> **DATASET EXTRACT**:
□ □ □ □ □

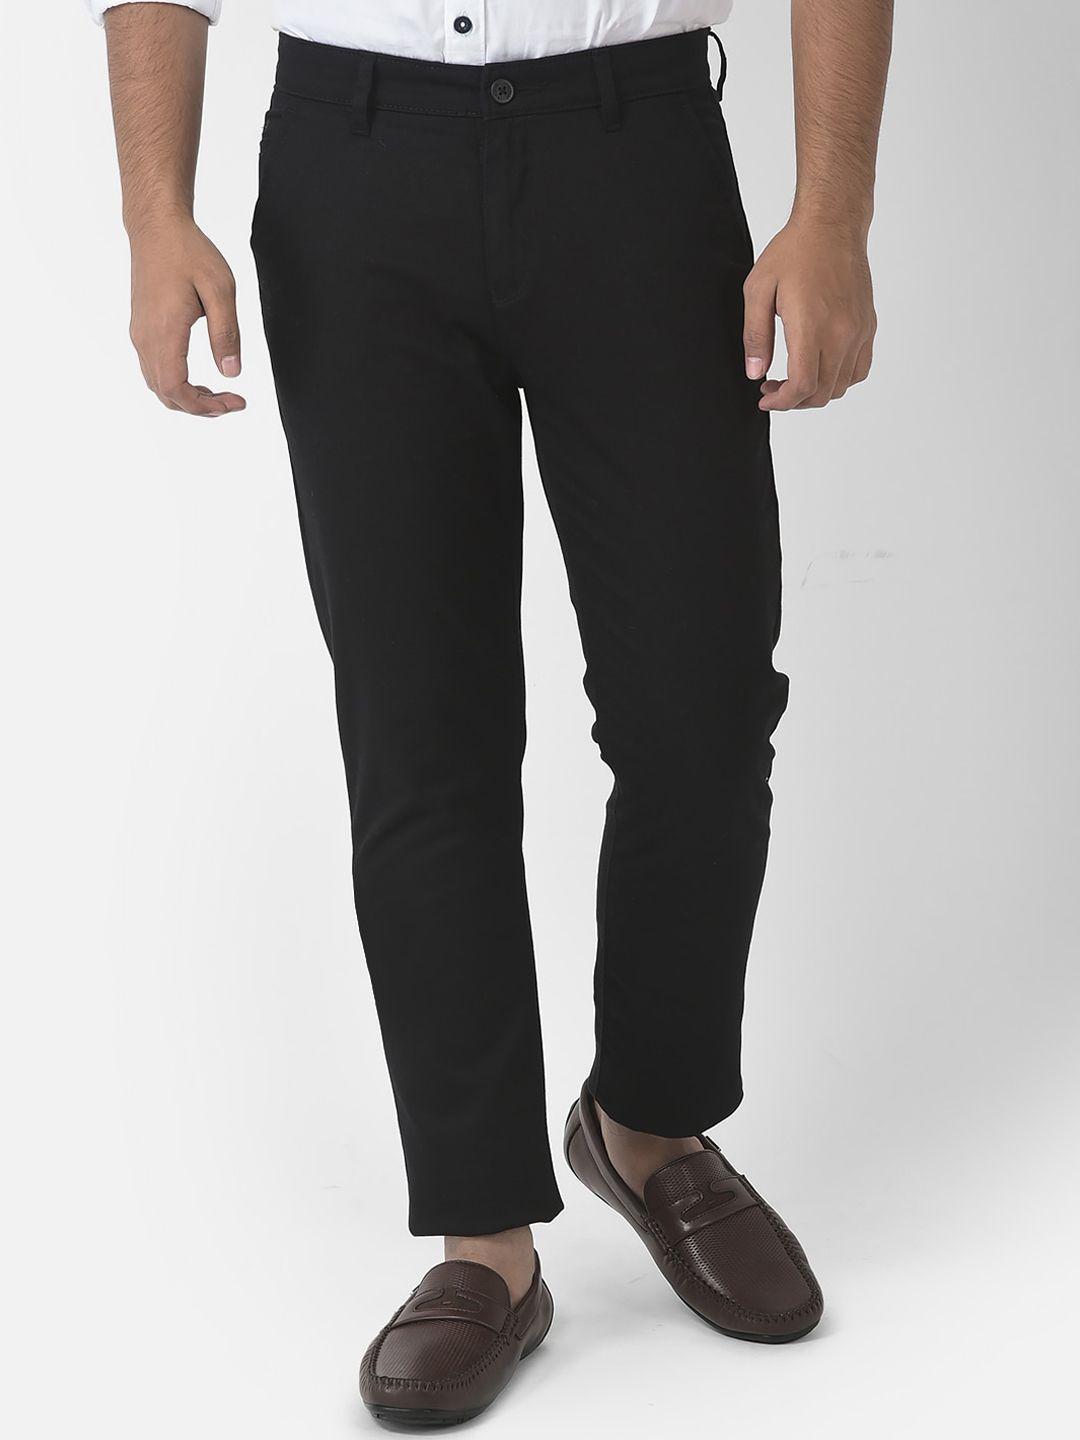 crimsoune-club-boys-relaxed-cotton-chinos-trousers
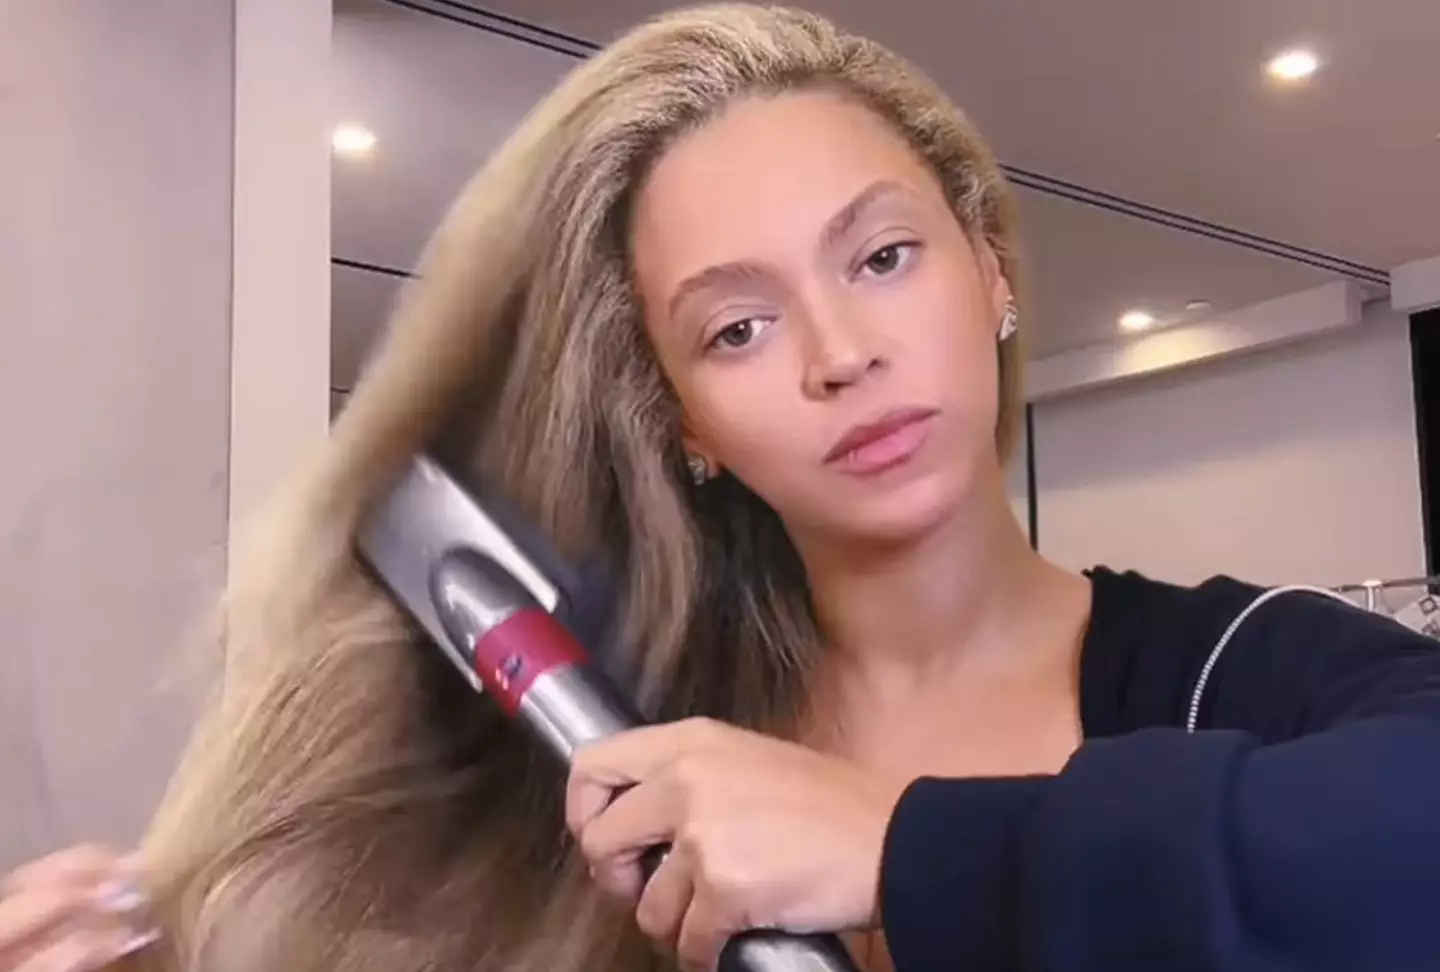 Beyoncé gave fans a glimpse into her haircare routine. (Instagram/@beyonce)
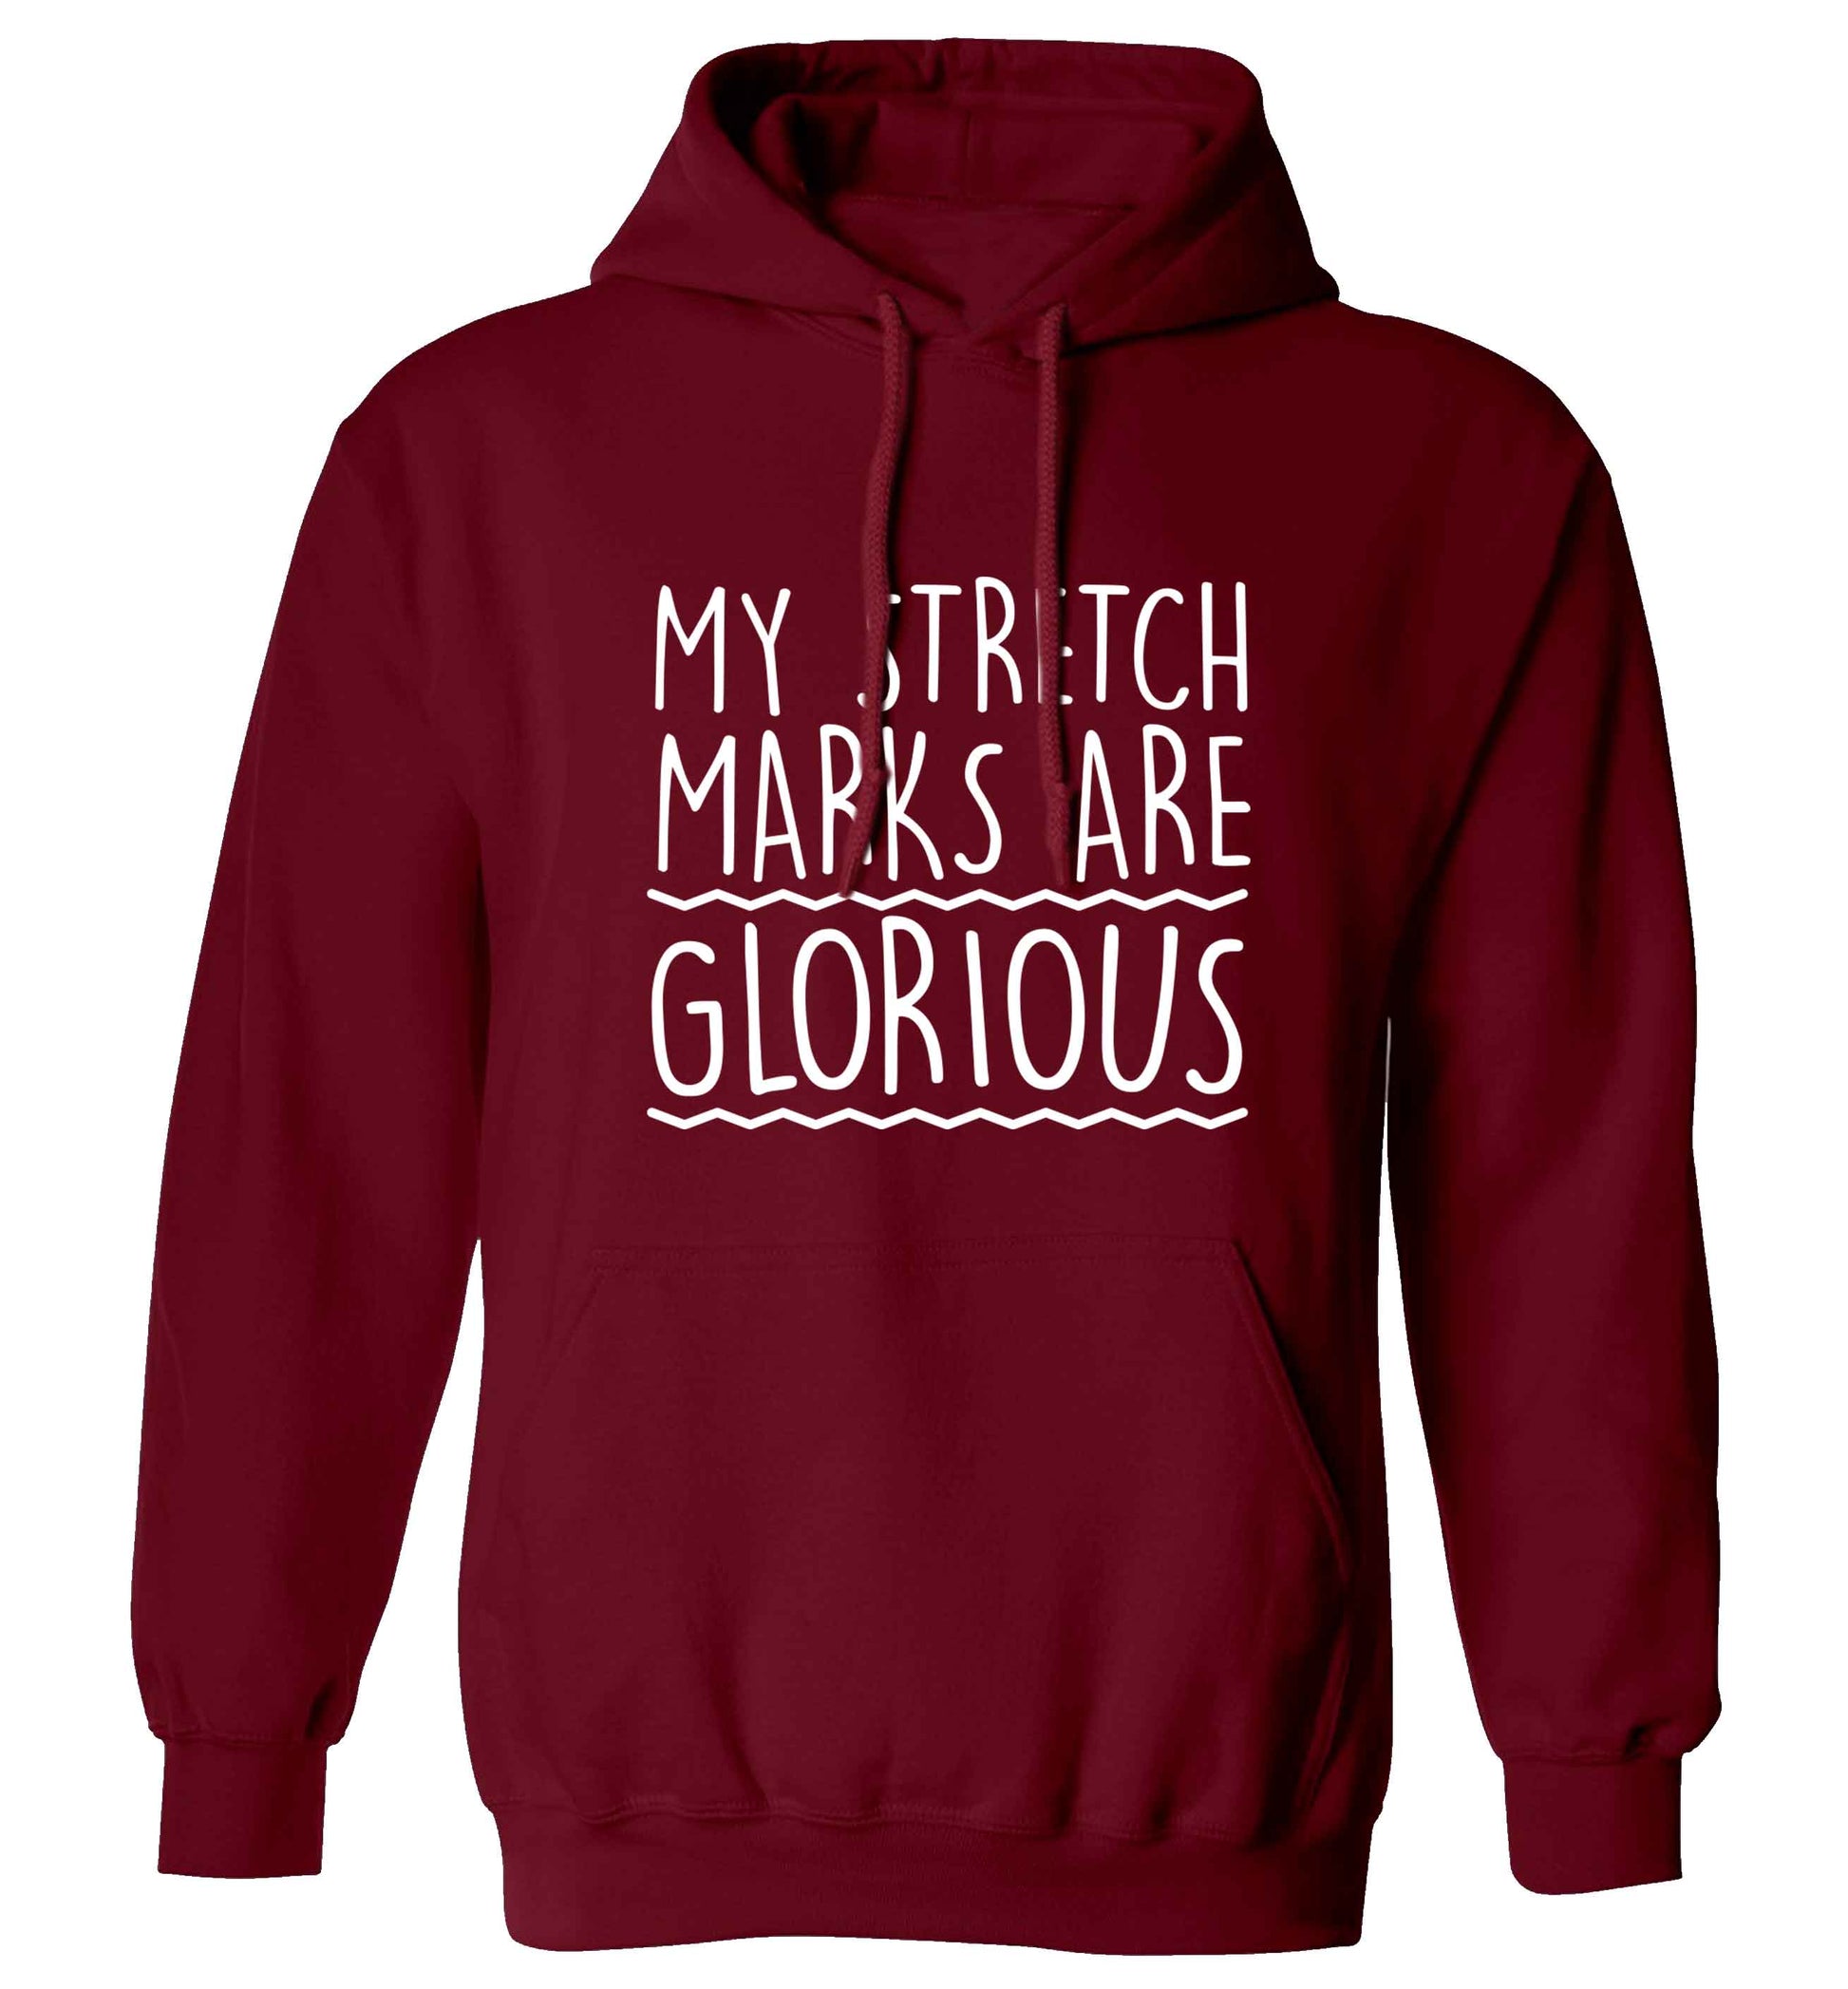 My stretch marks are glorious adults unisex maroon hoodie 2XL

□ □ □ □ □

> **WORK TO BE COMPLETED**:
Could you restate the material word for word, skipping any pictures it holds?

> **EXPECTED ANSWER**:
 crimsoune-club-boys-relaxed-cotton-chinos-trousers
 Beyoncé gave fans a glimpse into her haircare routine. (Instagram/@beyonce)
 My stretch marks are glorious adults unisex maroon hoodie 2XL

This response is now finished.